In short, we need the capacity for more trains, better connections, and greater convenience for rail freight customers. The challenge, though, is how to create new opportunities to connect goods to markets when the rail network is already congested and competition for investment is intense.

Evidence is growing that the answer is digital. We know from international experience that replacing traditional lineside signalling – the biggest constraint on our network’s capacity – with its modern digital equivalent allows more trains to run closer together safely. For example, the Australian Rail Track Corporation is preparing for a doubling of freight demand in a country that already transports £50 million of raw material every day through its Advanced Train Management System, with the potential to triple capacity on the existing network.

Early analysis exploring the case to adopt digital signalling and Traffic Management in the UK is showing promising results. Initial analysis on a key mixed traffic route suggests that digital train control could unlock up to 40 per cent more capacity through headway reduction, and improve the reliability of the railway by up to 35 per cent. And to further the case for change, the capital cost for meeting demand via a digital solution could be up to 35 per cent lower than via a more conventional means.

Planning flexibility

These are promising findings. But more physical capacity for freight in future won’t help if it’s not also accompanied with the planning flexibility to make it available in the right place at the right time.

That’s why data is so important to achieving the benefits of a more digital railway. New digital tools that use better data about demand to drive smarter timetabling decisions will be needed to help position freight paths where our fast-moving economy needs them the most. This would be a big step from today, where many freight paths are predicated on operating characteristics and technical parameters established in the 1970s.

The potential of modern data- driven, decision-support tools goes beyond timetabling. It will be crucial to strategic investment decisions in the years ahead.

Creating a “single version of the truth” about the capability and geography of the network and its assets – which is being delivered by Network Rail’s ORBIS programme, new options will be created to make more effective decisions that will unlock optimal train weights, lengths and axle weights.

All of us own part of the answer for how we meet the challenges for freight through a more digital railway. It’s an agenda that will demand not just new technology, but business and behaviour change at terminals, in cab, on track and beyond.

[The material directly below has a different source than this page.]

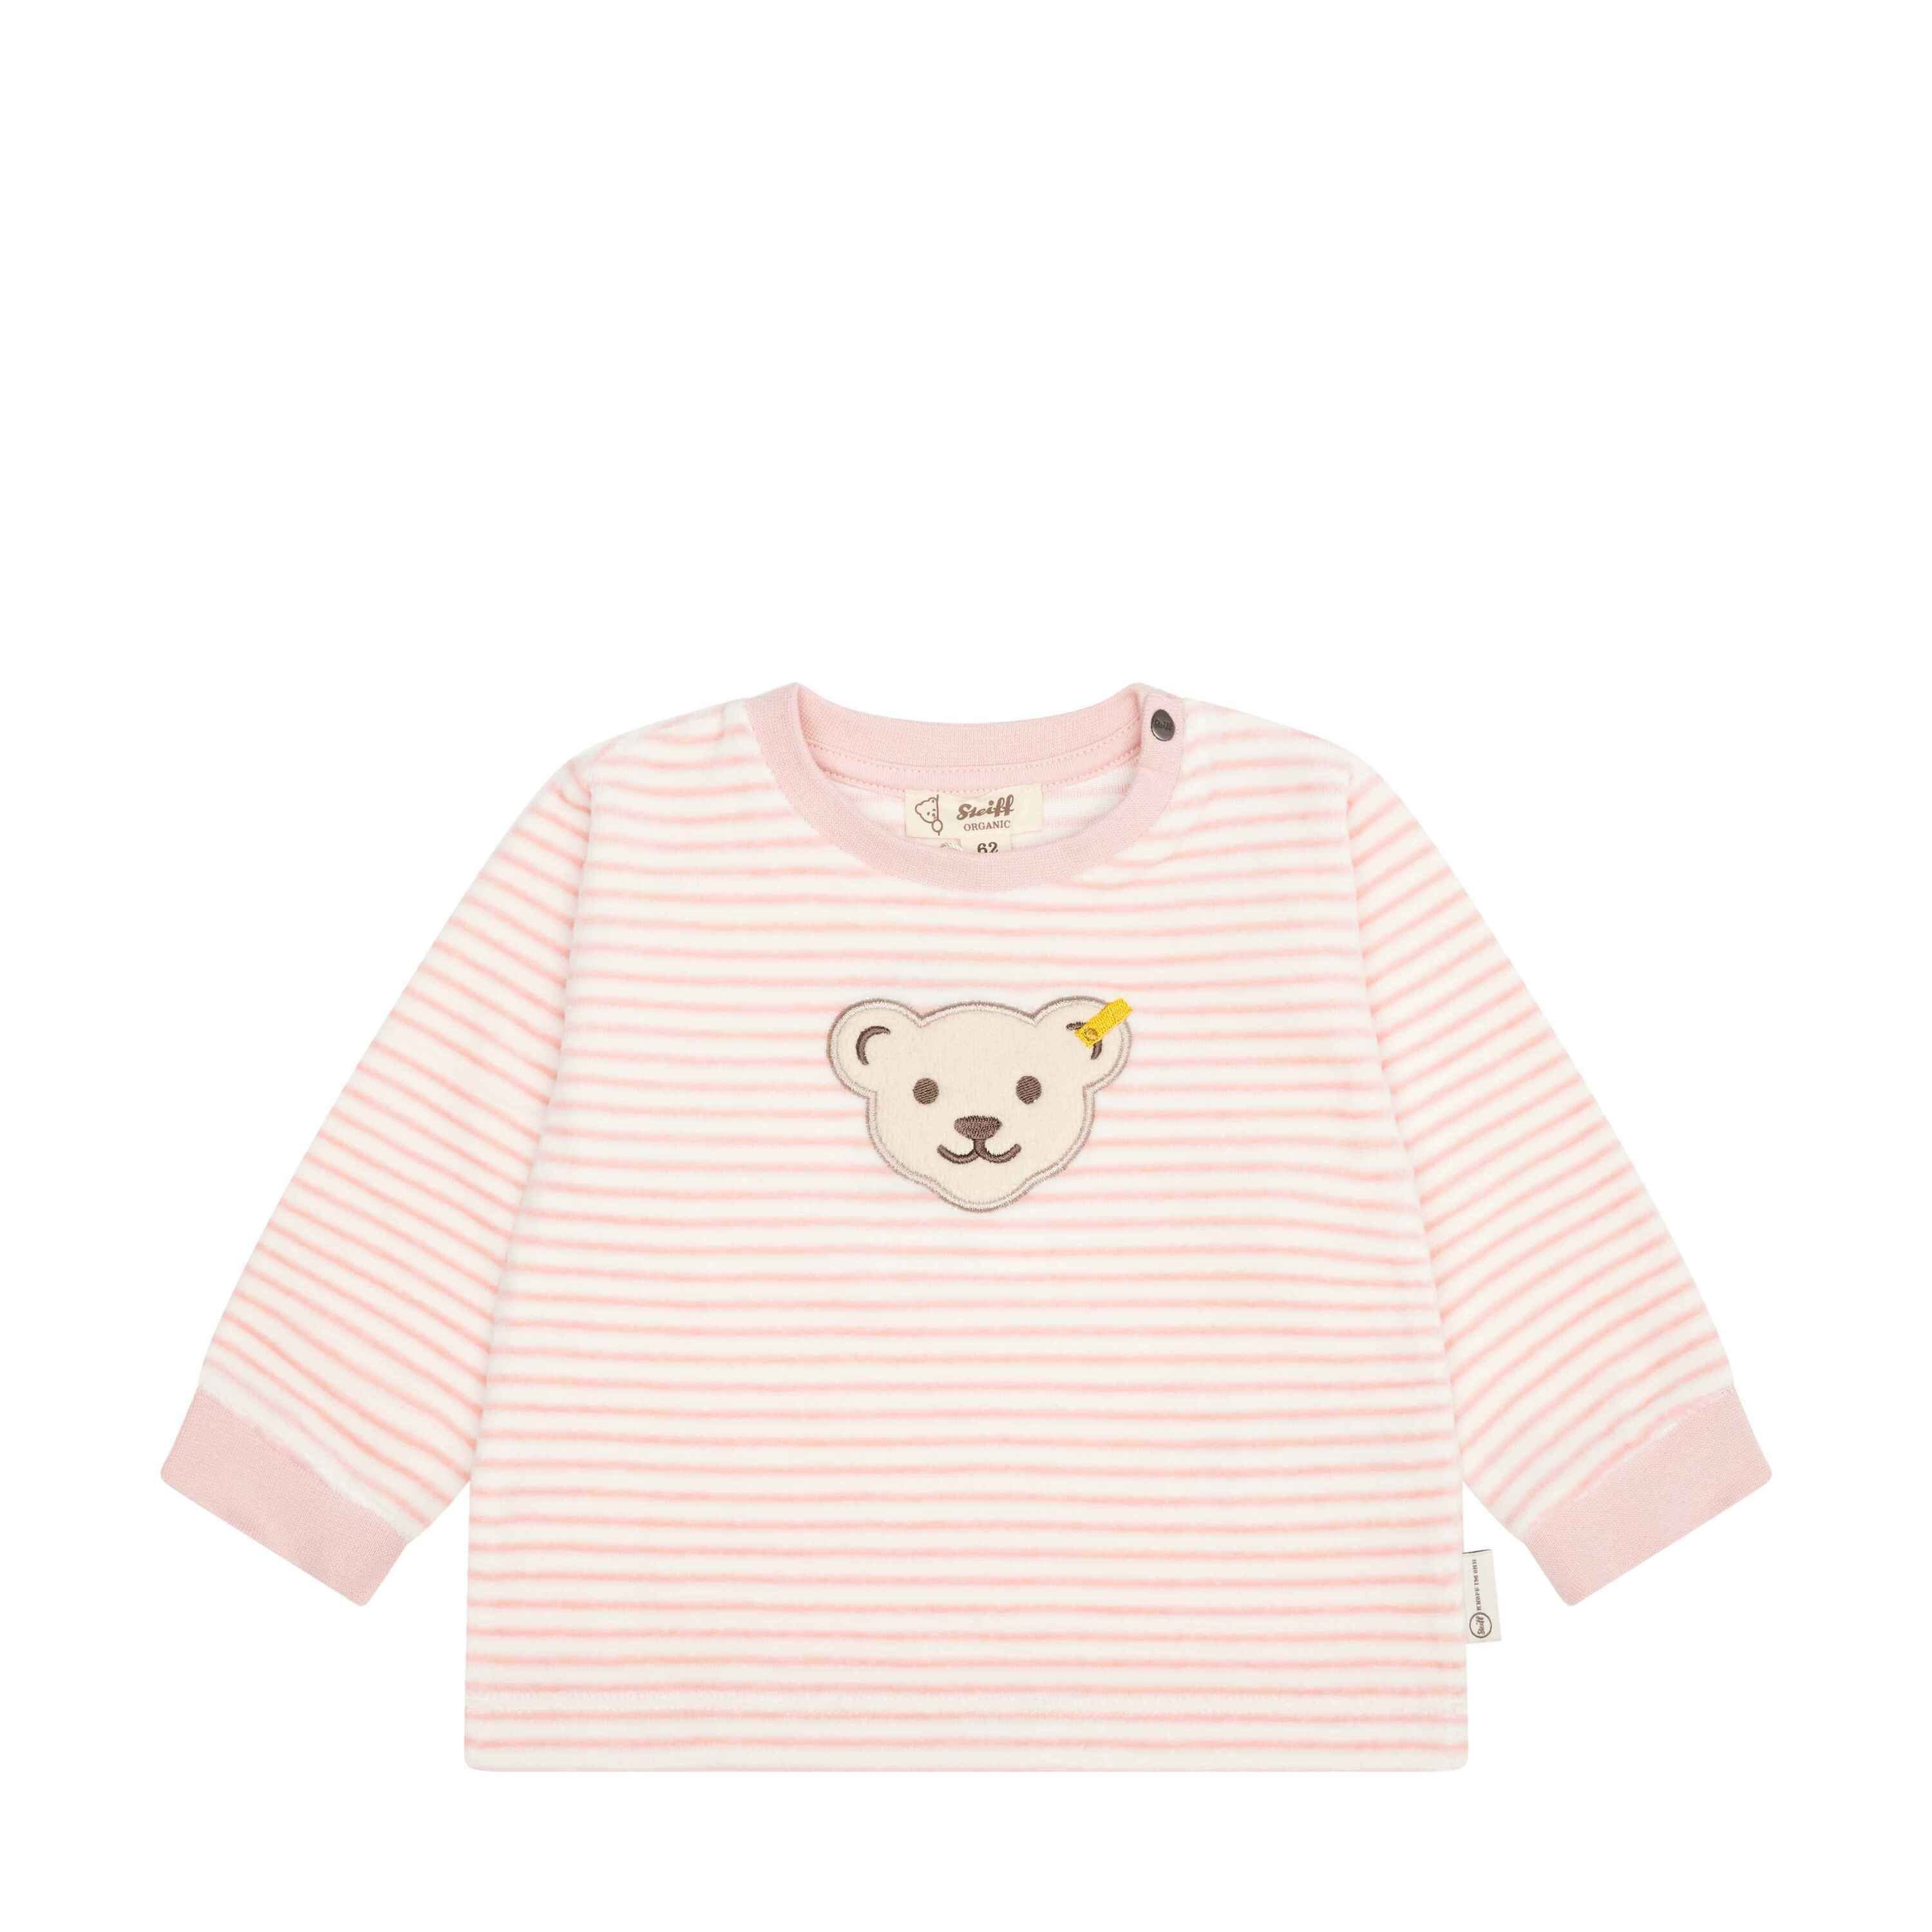 Steiff Sweatshirt Sweatshirt GOTS Baby Wellness lässig mit Teddykopf silver pink

That’s why Network Rail and its stakeholders in the public and private sectors are supporting a new initiative, the Digital Railway programme, to forge the whole-industry strategy needed to achieve it. Change won’t happen overnight, but important early analysis has given the initiative the green-light to start development of concrete reform proposals.

We’re looking forward to working with everyone in the freight industry to help ensure we seize the fantastic opportunity that this represents to support the GB economy in the years ahead.